Якуты, как составная часть человеческого рода, не могут в этом всемирном потрясении оставаться островком. Мировой катаклизм непременно коснется судьбы малых окраинных народов. Поэтому шаман видит неминуемую гибель соплеменников, раздавленных многомиллионными голодными переселенцами. Естественно, что он мог бы призывать свой родной народ к истребительной беспощадной борьбе с ожидаемыми переселенцами. Но шаман ищет другой путь. Рассчитывая на значительный срок (20–25 лет), он советует сородичам «семьдесят семь их тайн» сопринять, чтобы «ею скормить Душу-Родительницу», «восемьдесят восемь» хитростей познать, чтобы «насытить ими Душу-Воздух», «девяносто девять наук» перенять, чтобы обогатить «Душу-Землю». В комментарии к поэме эту основную просветительскую идею Кулаковский выразил следующим образом: «Рассчитывая на такой сравнительно долгий срок, шаман советует соплеменникам успеть усвоить русское «волшебство», т. е. культуру, чтобы стать равными с пришельцами в борьбе за существование».

Шаман говорит о трех душах. По представлению якутов, человеческая душа состояла из трех частей: Души-Родительницы, Души-Воздуха, Души-Земли.

После обогащения этих трех душ якутов русским «волшебством» (если немного домыслить) якутский шаман добровольно уступает силе русской культуры, признав бессилие своего колдовства. Это великая жертва для шамана ради выживания своих соплеменников»[72].


К этому глубокому осмыслению поэмы можно добавить только, что, совершая камлание, герой поэмы расколдовывает и талант поэта. Страстный и взволнованный голос Кулаковского возвышается над скорбной песней шамана:

Неужели в лихой этот срок,
Когда свет наших мыслей смерк,
Когда разум наш заключен,
Кажется, в шестикратный обвив змеи,
Крошечное счастье саха
Могут отнять у него?
И обидно,
И горько так… —
начинает звучать в полную силу, уже одним только звучанием своим расколдовывая, в свою очередь, и весь якутский народ.

Что, дорогие мои,
Если такое случится все ж,
Если нам предстоит уйти
От счастья: жить и жить
На зеленой вечной земле
Не печально ли будет нам?
Неслучайно свою поэму Кулаковский завершает якутским алгысом:

Владыки всех девяти пречистых небес,
Возносим наших стенаний песнь,
Не отвергайте, я вас прошу!..
Семи блистающих мощных небес князья,
Смиренно раскаянье наше, — его
Сердечно, безгневно принять прошу!
Склонена голова перед вами моя,
Согнут стан мой прямой, низко кланяюсь я,
Ставлю я на колени себя,
На три солнечных тени божеств
Мой почтительный ляжет поклон!..
Определяющая судьбу, моя ворожба,
О преграды бедствий не расшибись,
О помехи зла не споткнись,
О, только не опрокинься!

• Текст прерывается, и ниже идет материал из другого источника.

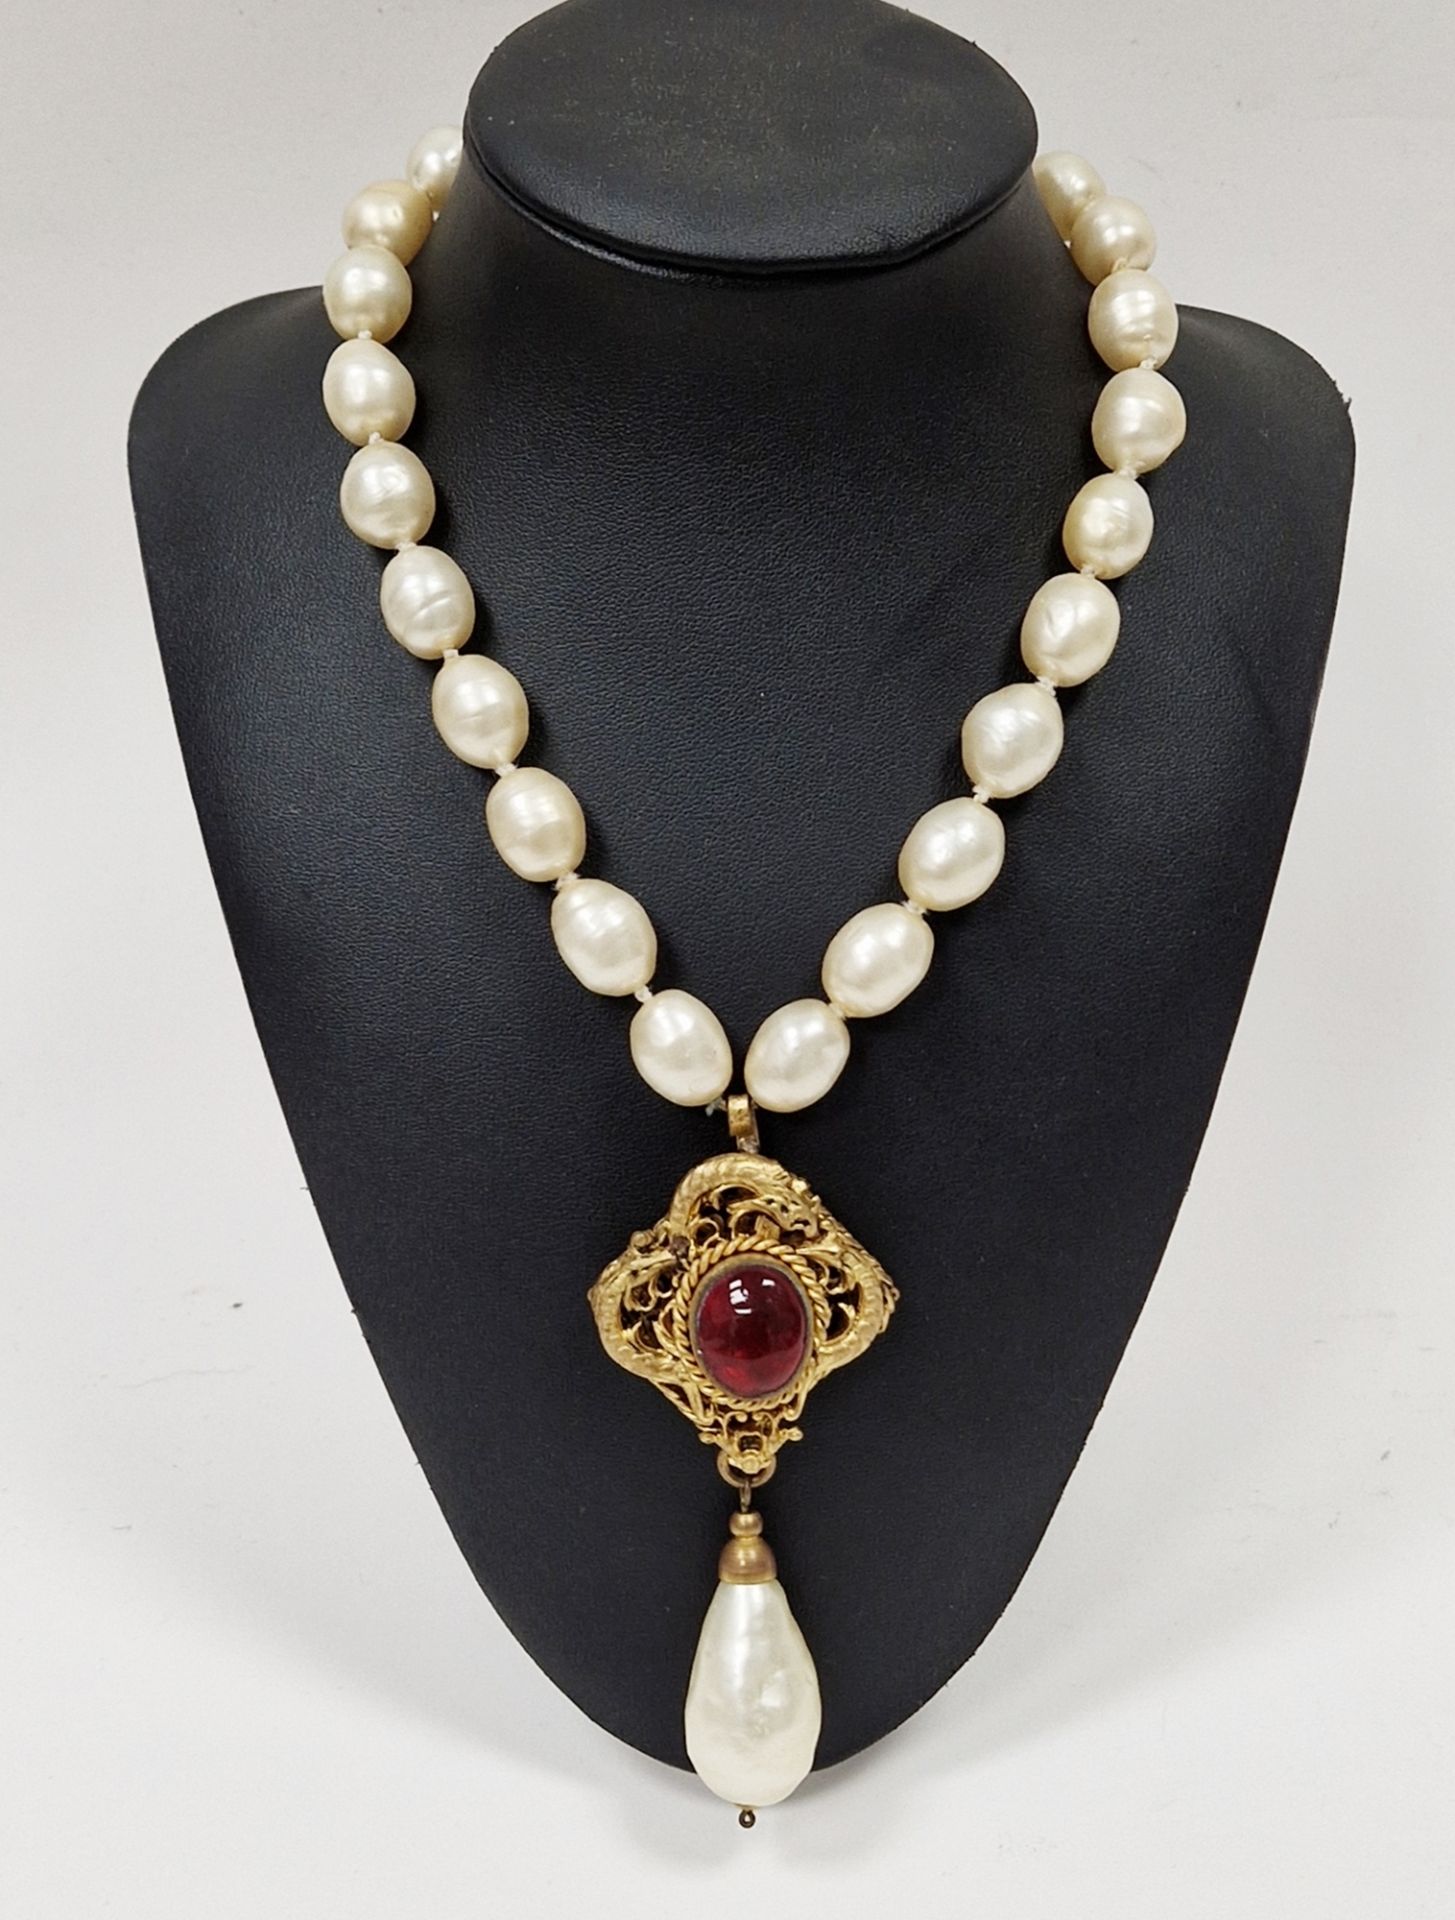 1980's Chanel simulated blister pearl and garnet choker necklace, formed of large oval faux pearl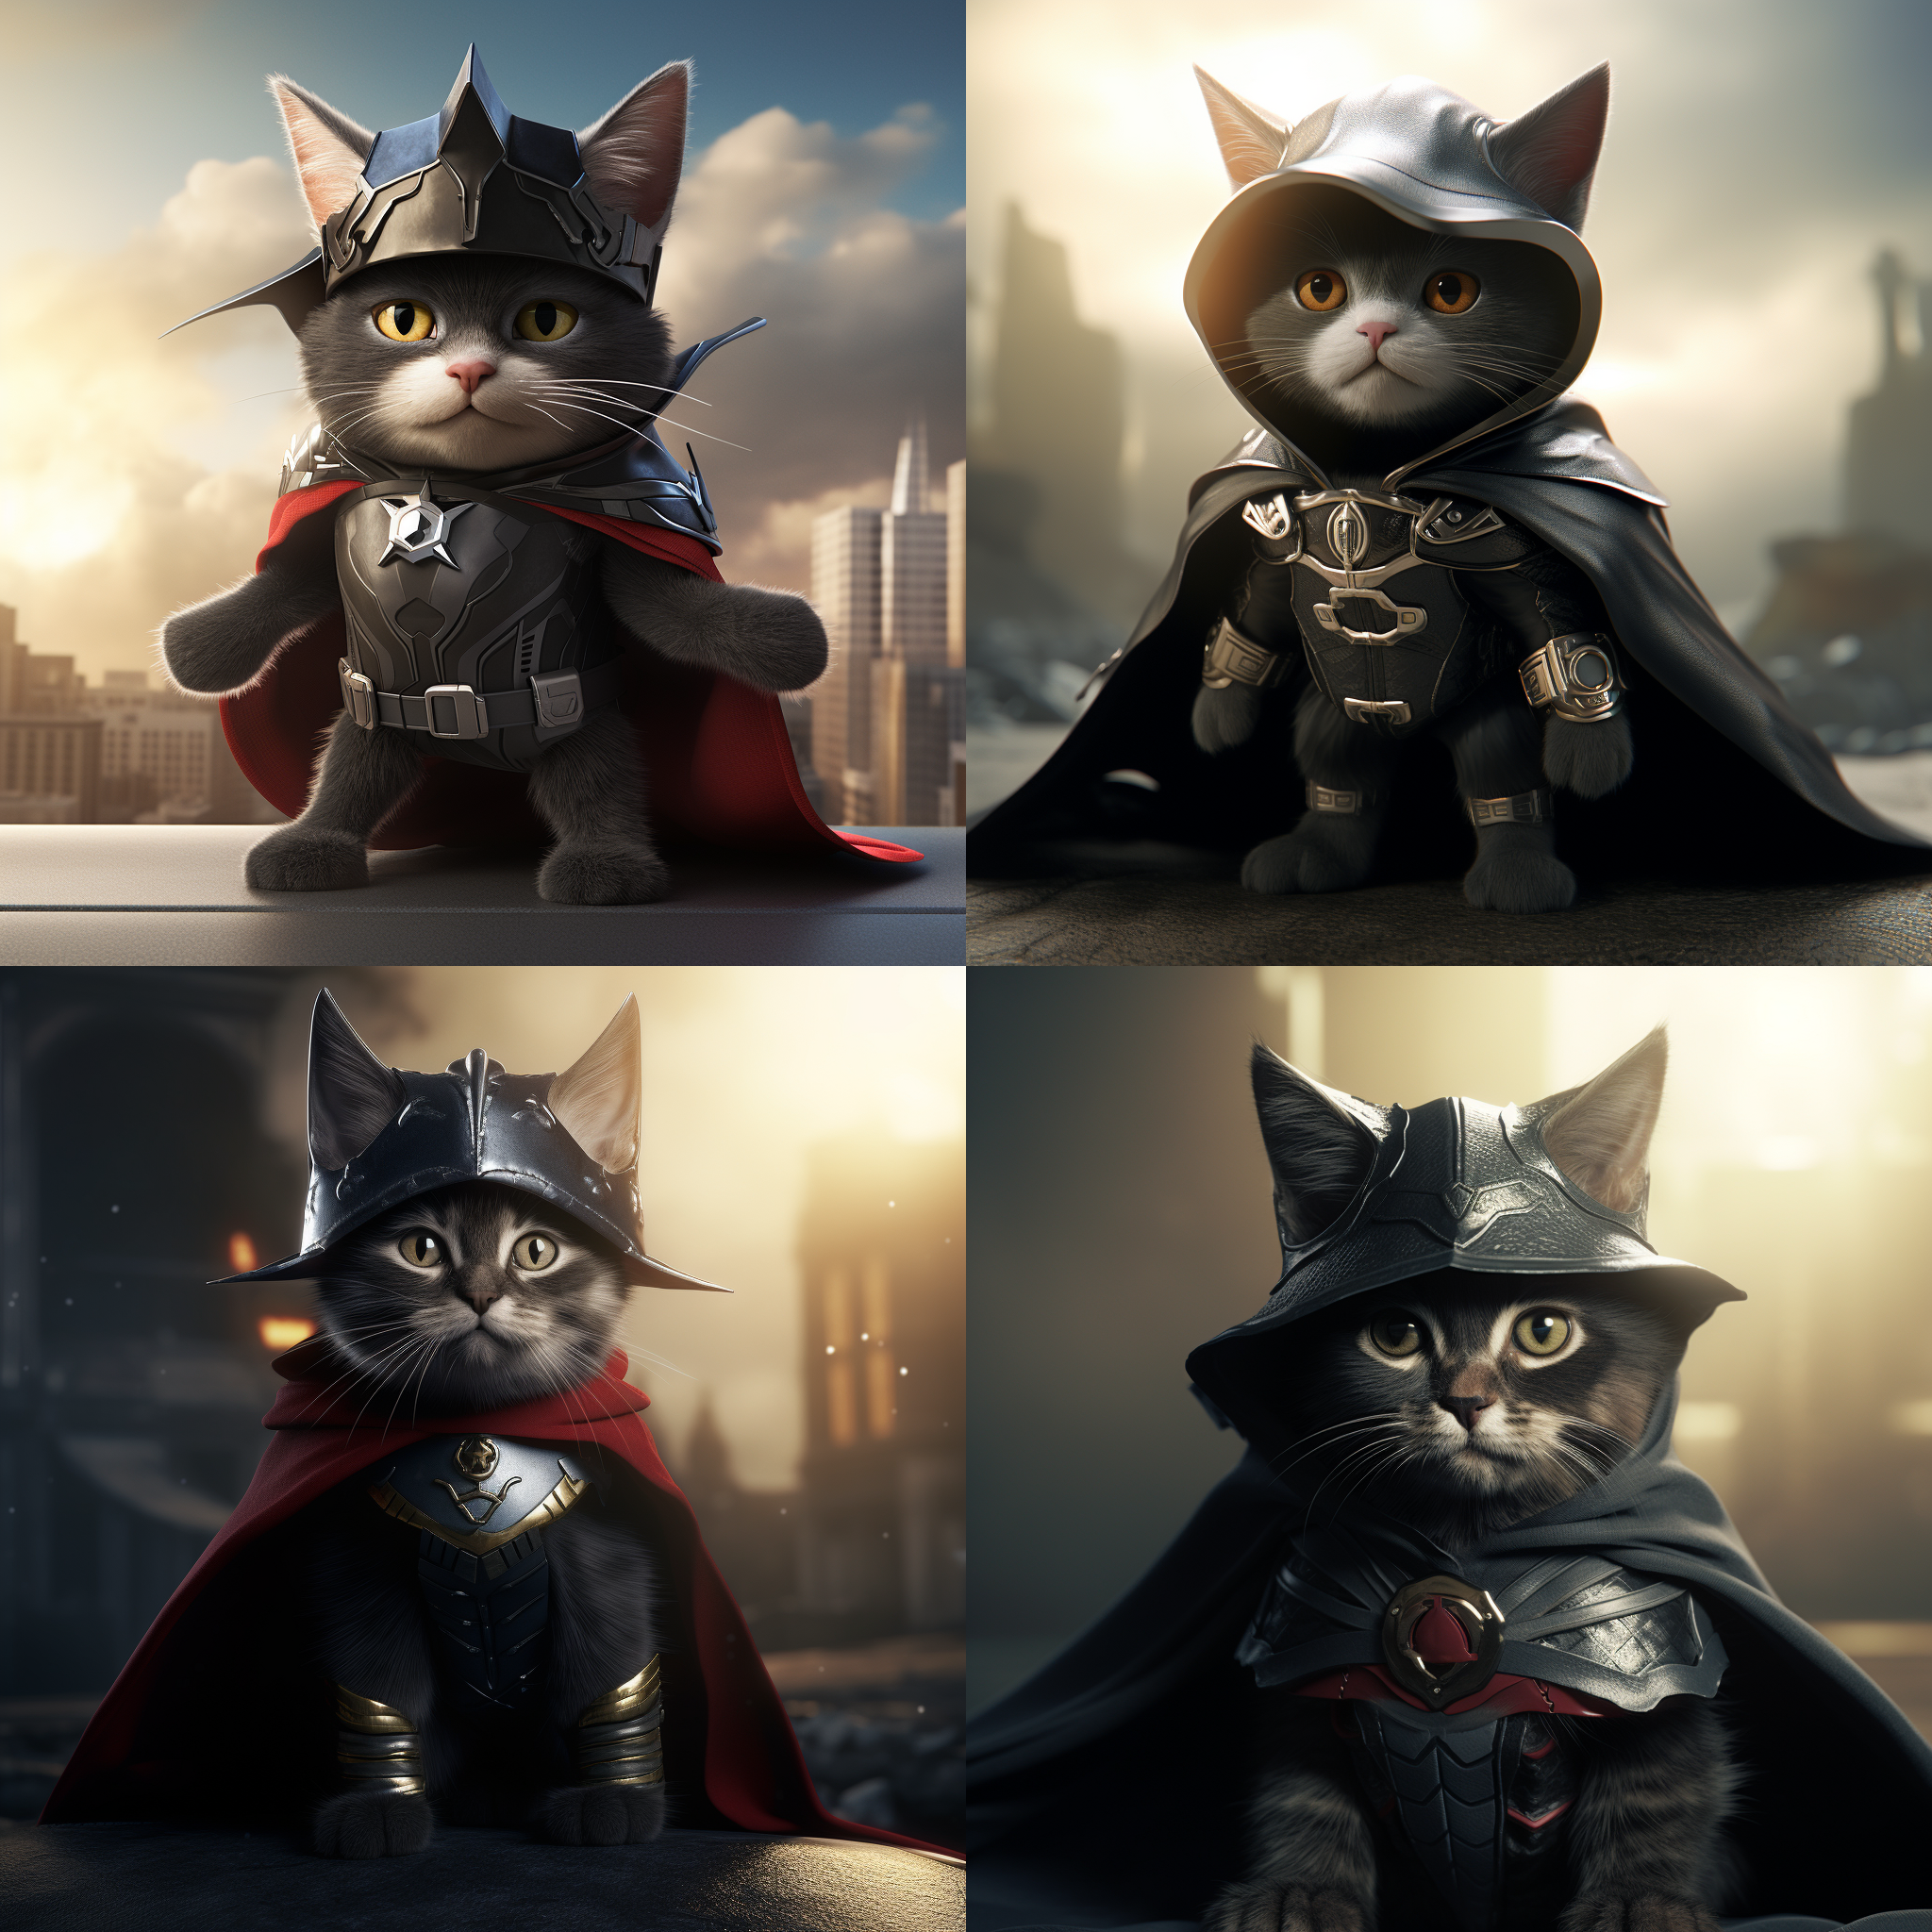 A superhero cat donning a caped crusader's hat, ready to save the day

Удачу дай!
Тускуро!
Если не считать эпилога, написанного в 1924 году, когда многие пророчества поэмы «Сновидение шамана» стали историей, поэма была создана весной 1910 года.

Через два года, и тоже в Качикатцах, и тоже весной будет создано другое столь же программное произведение: письмо «Якутской интеллигенции»[73], в котором Кулаковский, уже окончательно утвердивший себя в качестве основоположника родившейся литературы, предстанет как самобытный и глубокий экономист, историк и философ.

Произведения эти при всей их несхожести объединяет общая идея — Кулаковский пытается заглянуть и заглядывает в будущее якутского народа на много десятилетий вперед.

И происходит это заглядывание не ради испытания, а тем более демонстрации необыкновенных способностей, не ради достижения каких-то личных выгод или поэтического эпатажа, а с целью предупреждения якутской интеллигенции от ошибочных шагов, которые она может совершить.

Кажется, впервые слово «Ексекюлях» становится тут синонимом слову «учитель»…

2
Мы уже говорили, что эти вершинные в своем творчестве годы (речь идет о 1910–1912 годах) Алексей Елисеевич Кулаковский большей частью живет в Качикатцах у Семена Петровича Барашкова.

Время от времени он уезжает на короткое время, порой отсутствует по нескольку месяцев, но снова и снова возвращается назад…

Как свидетельствует надпись на фотографии семьи Барашковых, датированная 5 декабря 1911 года, отношения Семена Петровича Барашкова с товарищем по реальному училищу были достаточно теплыми.

Семена Петровича восхищали необыкновенно широкие познания Кулаковского и его поэтический талант, но и в самом Барашкове имелось то, чего начисто был лишен Алексей Елисеевич.

Барашков имел предпринимательский дар, благодаря которому умел так расположить людей, так построить отношения с ними, что они начинали работать на него, не только не требуя вознаграждения, но еще и испытывая благодарность за позволение заниматься этой работой.

Семен Петрович Барашков сумел развить унаследованную от отца торговлю в Бодайбо, широко развернулся, обосновавшись в местности Тииттээх.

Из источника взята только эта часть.